You don’t get a voice in the way you think. Schools are supposed to foster working relationships with parents but not listen to every single voiced criticism. Mostly schools forge relationships by having parents evenings, having parents make appointments to see staff, sending home newsletters, having a PTA, organising parental forums, having open days, giving parents info on the curriculum, having curriculum evenings, inviting parents in to see plays, music and assemblies and other things I’ve no doubt forgotten. Parents don’t have the right to carp and criticise via social media and ignore the schools complaints procedures or parental contact measures.

It’s a sad state of affairs when parents are so belligerent about their rights. There are rights for teaching staff too. There are responsibilities for both. Working together is always the sensible way forward.

You cannot be asked to remove your child. Children can only be excluded for serious misdemeanours by the child. You really do need to do a bit more reading about how schools and parents should work together, tone down your “rights” and definitely read up on exclusions. I rather suspect you have a defensive head due to parents who use SM and are somewhat aggressive. You are not a customer in the traditional sense. You are not buying a product. So try and be a bit less demanding.

They cannot make you sign anything. Don’t do it if it upsets you. If you have concerns, speak to the Head directly.

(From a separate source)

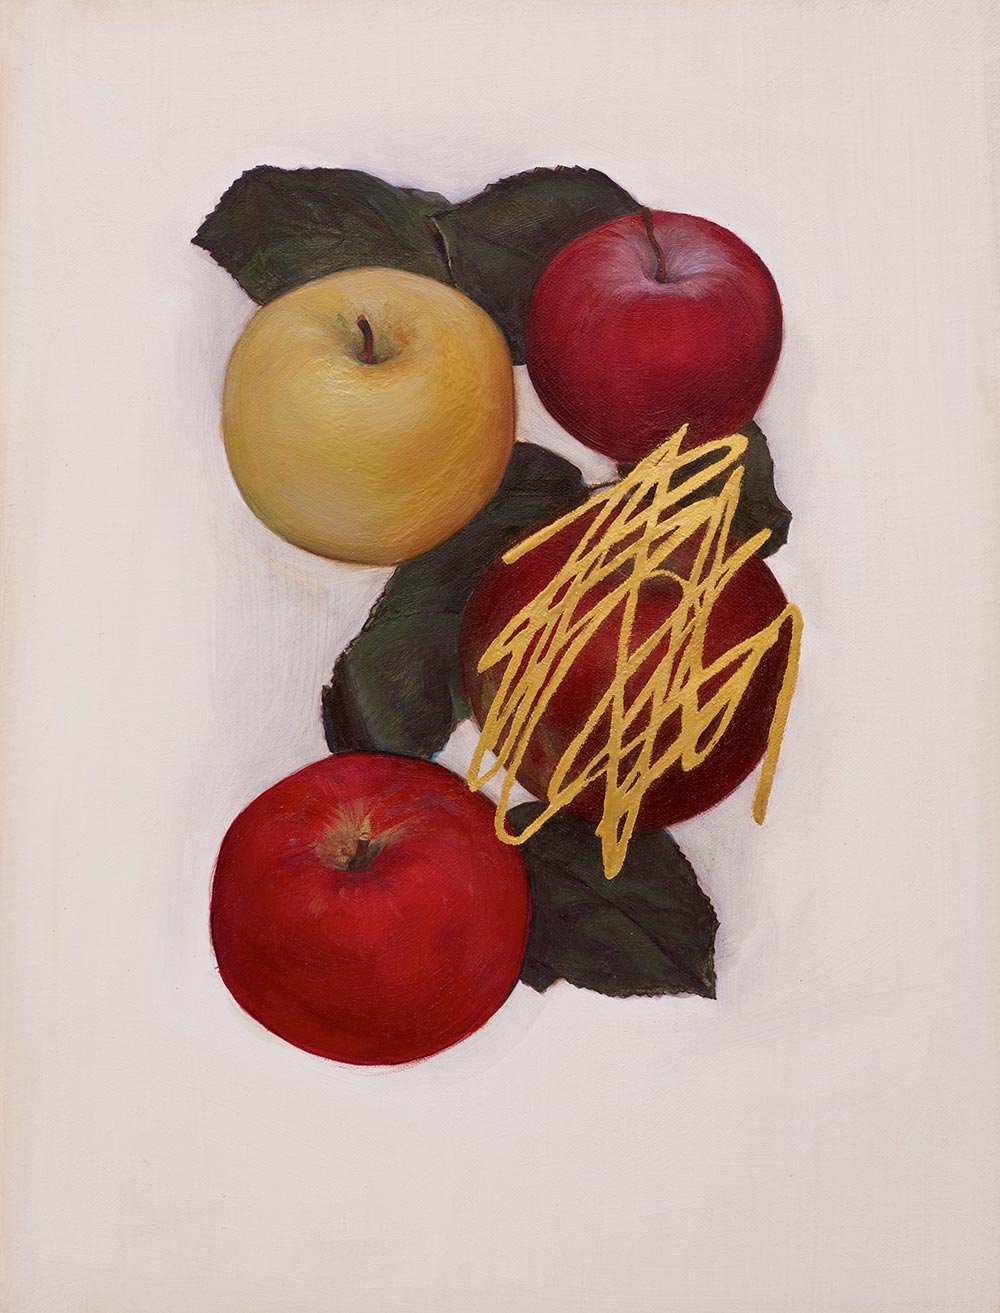 © Jen Mazza, Untitled (4 Apples, Gold), 2014

lockedinlockedon Sat 07-Nov-20 15:17:28

I'm not demanding anything. The school is demanding I sign a non-disclosure which I believe is an infringement of my human right to freedom of speech.

To quote Universities UK:

“NDAs shouldn’t be used to stop open conversations about harassment or other legitimate complaints."

Unfortunately the school does not create an environment whereby open conversations can happen and as a consequence they've had to ask for an NDA. Perhaps they need to educate themselves on the parent / school relationship.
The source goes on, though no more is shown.